FAT TRANSFER [FT]
The development of FT has been slow in the past because of the tendency to develop complications like oil cyst calcification and a poor survival rate of the grafted fat cells of 10 ~ 20% only.
Not any more! There is now a new technique that allows for complete closed-loop surgery with almost no contamination or exposure to air and that also gives highly concentrated pure fat cells – free of impurities and free-oils. This is possible due to specially designed 50ml syringes equipped with a squeezing piston. The resultant fat is both of high quality as well as containing 1 ~ 2 million fat stem cells per milliliter.
The use of highly concentrated pure fat cells, containing stem cells, is important for good survival rates when grafted onto the treated body areas. The presence of free oils and impurities prevent this. Further, the closed-loop helps ensure sterility, important in preventing complications of the past. Between 70 ~ 90 % of the grafted fat survive eventually, varying with areas treated and surgeon’s skill.
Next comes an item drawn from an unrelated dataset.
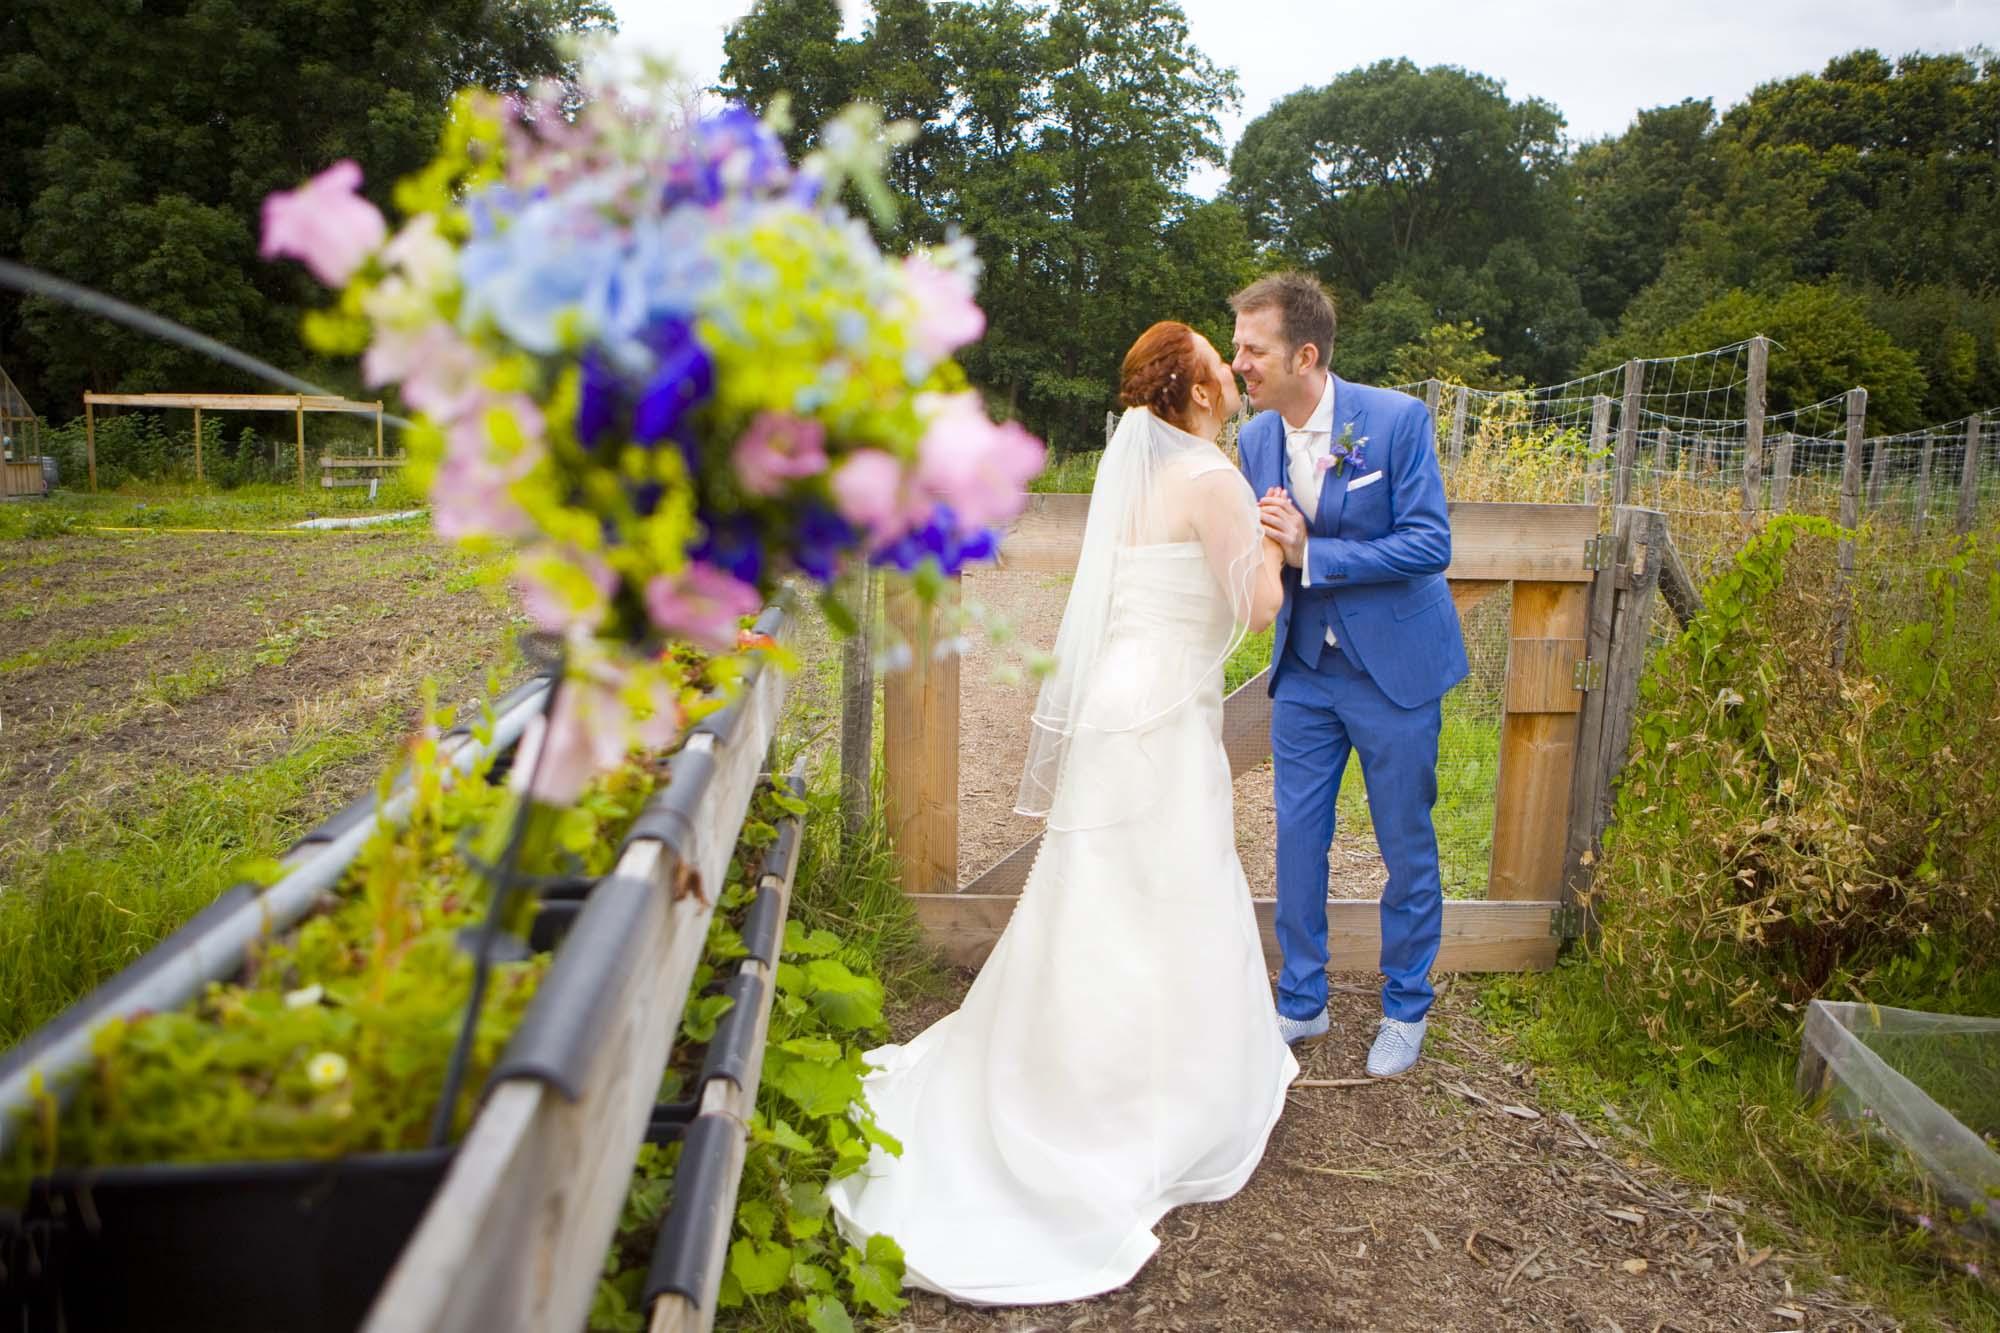 kus bruidspaar in tuin bruiloft De Hertenhorst Delft trouwreportage moestuin Delftse Hout

This makes the procedure highly feasible as it has so many advantages over artificial fillers like silicon.
Up to 100ml of pure fat cells are grafted under general anesthesia. Each 50ml full syringe of tumescent liposuctioned fat can yield 25 ~ 40ml of pure fat cells by centrifuging at 3200 ~ 3500 rpm for 5 –10 minutes. 1 cc Coleman syringes are filled with the pure fat cells for injection.
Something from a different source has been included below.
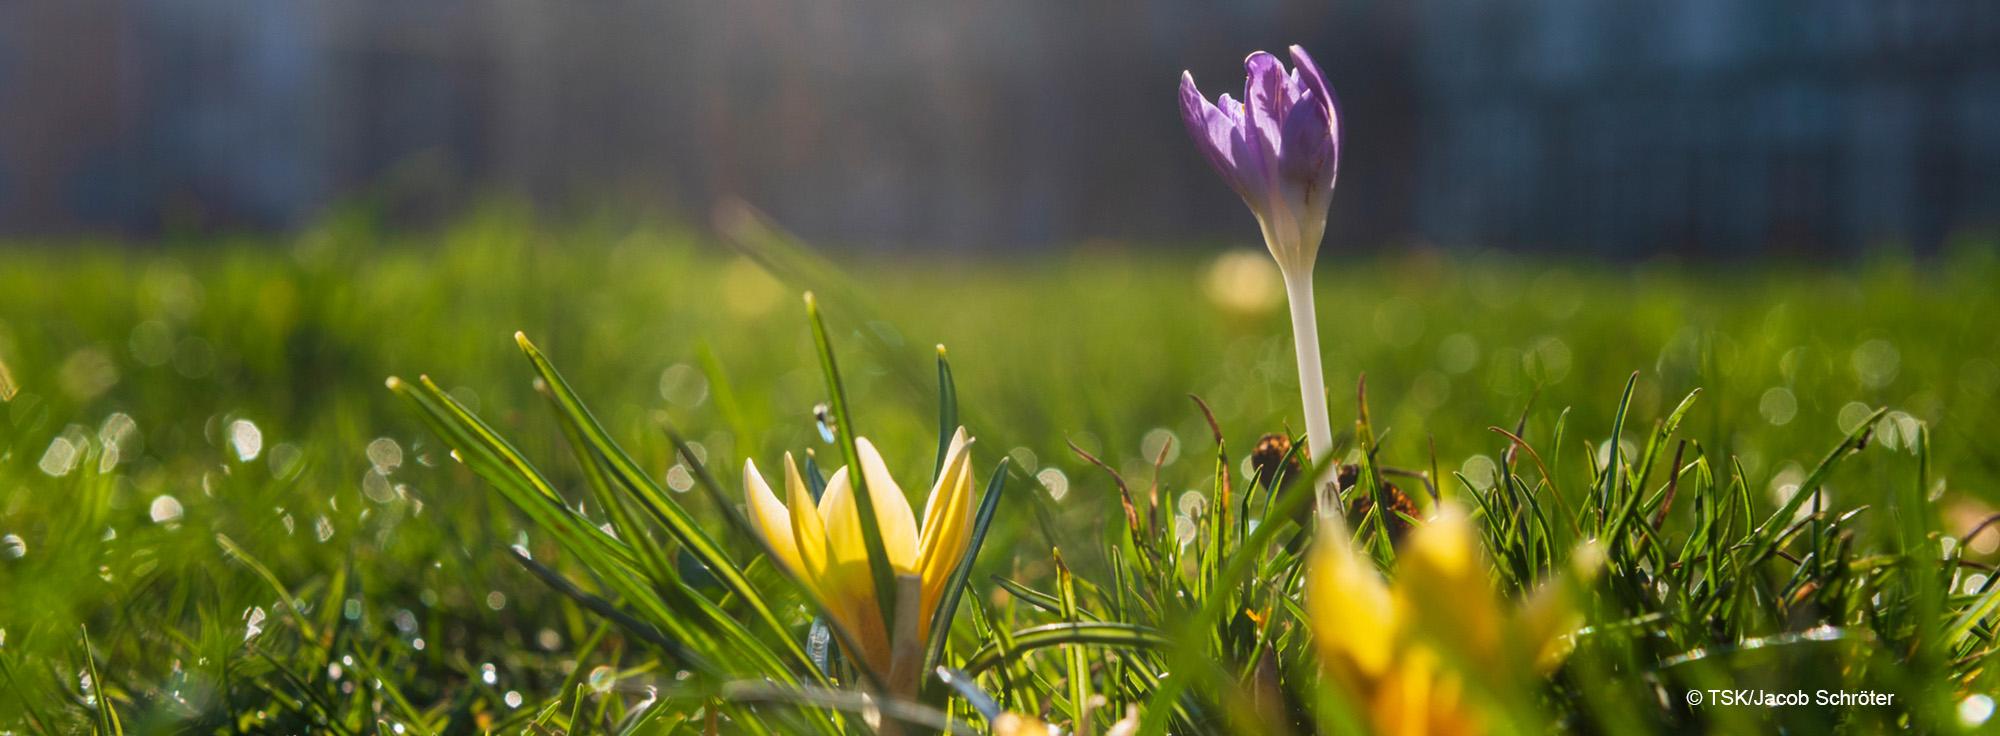 Blühende Krokusse im Frühjahr auf grüner Wiese

Synthetic fillers like hyaluronic acid cost about US$300 ~ 400 per ml. Besides being costly if more than the usual 10ml only being used, larger quantities injected give more side effects such as foreign body reaction, infection, permanent redness, local hard mass, tough skin, etc.
In contrast, up to 100ml of highly concentrated fat cells can be successfully injected for full facial filling [less for partial] with no side effects, as we are using your own fat. The surviving grafted fat ages along at the same rate as does your other fat cells in the treated area.
A full facial filling with pure fat cells takes about 3 hours. As it is done under sleep anesthesia, there is no pain during the procedure. After that, some discomfort may be felt but this usually goes away after a few hours. Rest for 3 ~ 5 days at home is recommended.
Depressed upper buttocks can be enhanced with 200 ~ 250ml of fat cells to each, using the 50ml syringes and 1ml Coleman syringes complementarily to help ensure evenness and symmetry. The procedure takes about 2 hours.
Due to the large amounts used, the fat survival rate is more variable, at 40 ~ 80 % (usually 60~70%) and the re-absorption rates are about 30 ~ 40 % - similar to that for breast augmentation. If the re-absorption rate is fast in your case, a 2nd surgery 6 months to a year later is recommended.
One should not put pressure on the grafted areas for 1 ~ 2 weeks and not sleep on hard bed for 2 months.
This technique gives good results in breast augmentation and does away with the dangers of silicon implants or injections. Further, spreading the grafted fat evenly and approaching from the anterior axillary fold helps to give a natural feel and look to the augmented breasts
Fine needles are avoided as they cause bleeding when passed into the mammary tissue. 10ml syringes with slightly larger needles are used instead – to graft the 50 ~ 100ml of pure fat for each breast.
14 months after
The labia majora [outer lips of the female external genital organs] can also be easily restored to size by FT - with or without trimming the labia minora [inner lips] at the same time.
In a reported series of 2,000 cases of facial filling, >250 cases of breast augmentation and >15 cases of buttock augmentation over a 5 year period, there was 99 % success rates and under 1 % complication rates.
The complications were 2 cases of localized infection and 10-12 cases of oil cyst necrosis. The latter was easily solved with aspiration by Coleman needle. No calcification cases have occurred [but a longer observation time is required]. Usually, it is expected that these happen only if inflammations or oil cysts are allowed to persist for a long time. Should calcifications occur, they are usually of little consequence as they can be easily distinguished from original breast tissue. If needs be, a TRAM flap with abdominal adipose tissue can be performed.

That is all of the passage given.